Based on this information, Nvidia’s revenue stream looks stable for at least the next year. The picture gets a little murkier if we look into the future because we don’t know how long these companies can sustain this level of spending.

Nvidia CEO Jensen Huang estimates that data center operators will spend $1 trillion on building artificial intelligence infrastructure over the next five years. If he’s right, the company could continue to grow into the late 2020s. But competition is emerging online, which may take away some market share.

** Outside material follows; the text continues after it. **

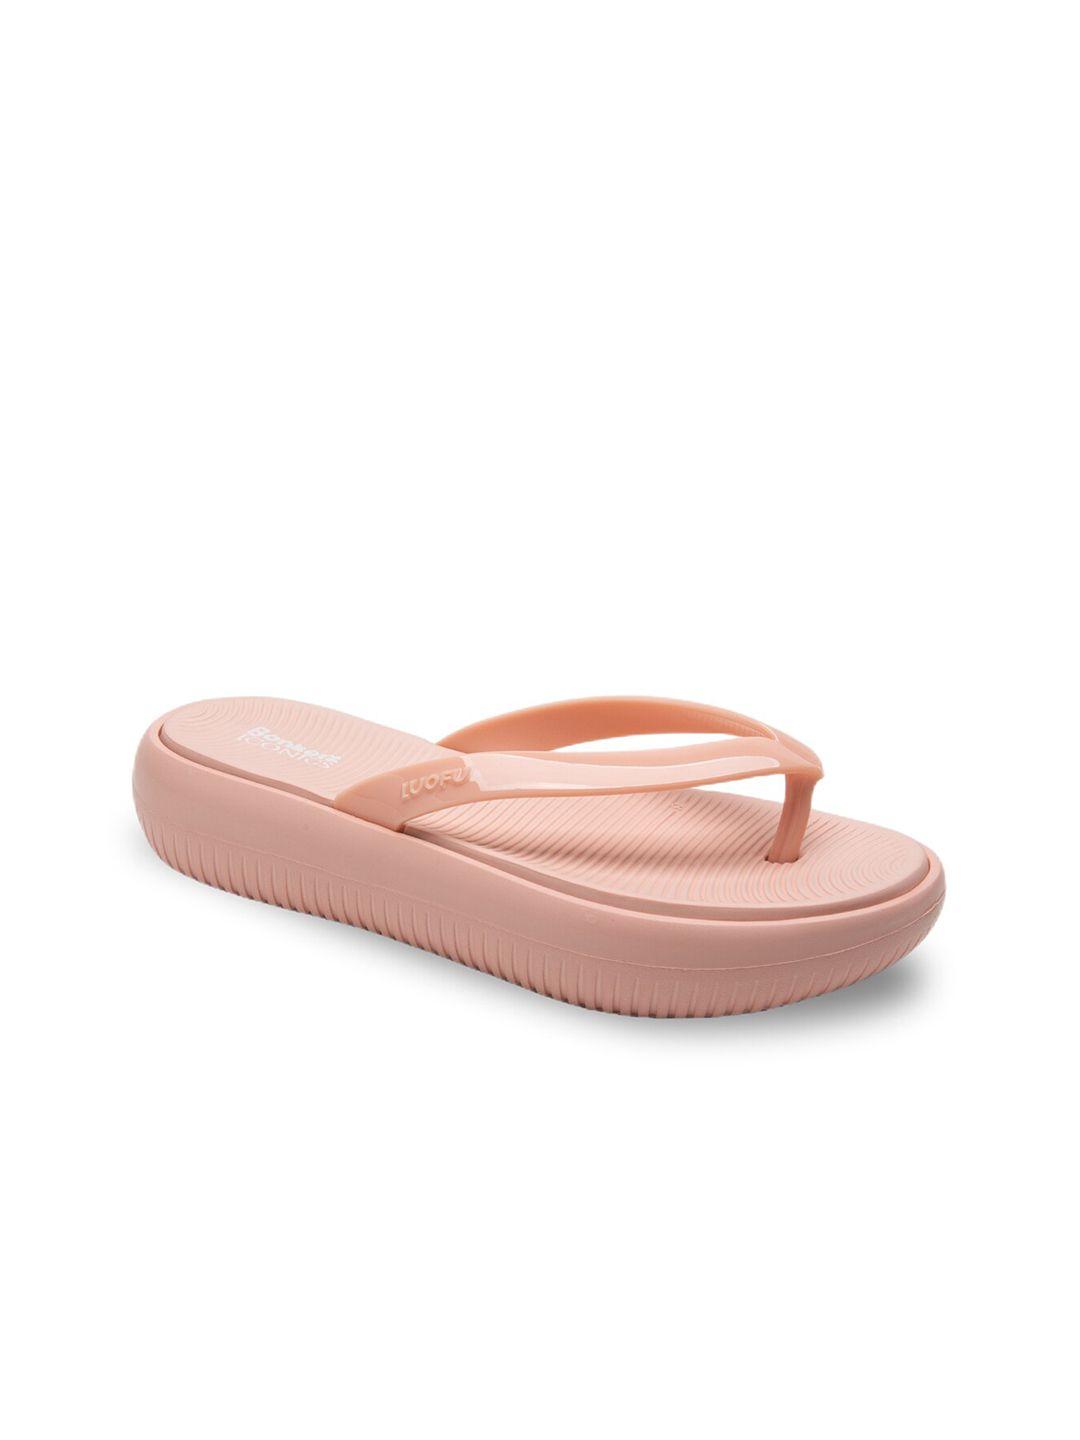 bonkerz-women-peach-coloured-croslite-thong-flip-flops

Advanced microdevices last year released its own data center GPUs powered by artificial intelligence. plans to launch new chip architecture to compete with Blackwell in the second half of 2025. In addition, Microsoft, Amazon and Alphabet have developed their own data center chips, and while it may take time to erode Nvidia’s technological advantage, it will eventually become more cost-effective for them to use this hardware.

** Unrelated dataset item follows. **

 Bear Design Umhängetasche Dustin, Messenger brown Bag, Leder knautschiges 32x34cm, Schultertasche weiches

None of this is an immediate cause for concern for Nvidia investors, but they should keep an eye on the company’s earnings concentration in the coming quarters. If it continues to rise, it could pose a higher risk of a sharp decline in sales at some point in the future.

John Mackey, former CEO of Whole Foods Market, an Amazon subsidiary, is a member of The Motley Fool’s board of directors. Randi Zuckerberg, former chief market development officer and spokeswoman for Facebook and sister of Meta Platforms CEO Mark Zuckerberg, is a member of The Motley Fool’s board of directors. Suzanne Frey, chief executive of Alphabet, is a member of The Motley Fool’s board of directors. Anthony Di Pizio has no position in any of the stocks mentioned. The Motley Fool holds positions in and recommends Advanced Micro Devices, Alphabet, Amazon, DigitalOcean, Meta Platforms, Microsoft, Nvidia, Oracle and Tesla. The Motley Fool recommends the following options: long January 2026 $395 Microsoft calls and short January 2026 $405 Microsoft calls. The Motley Fool has disclosure policy.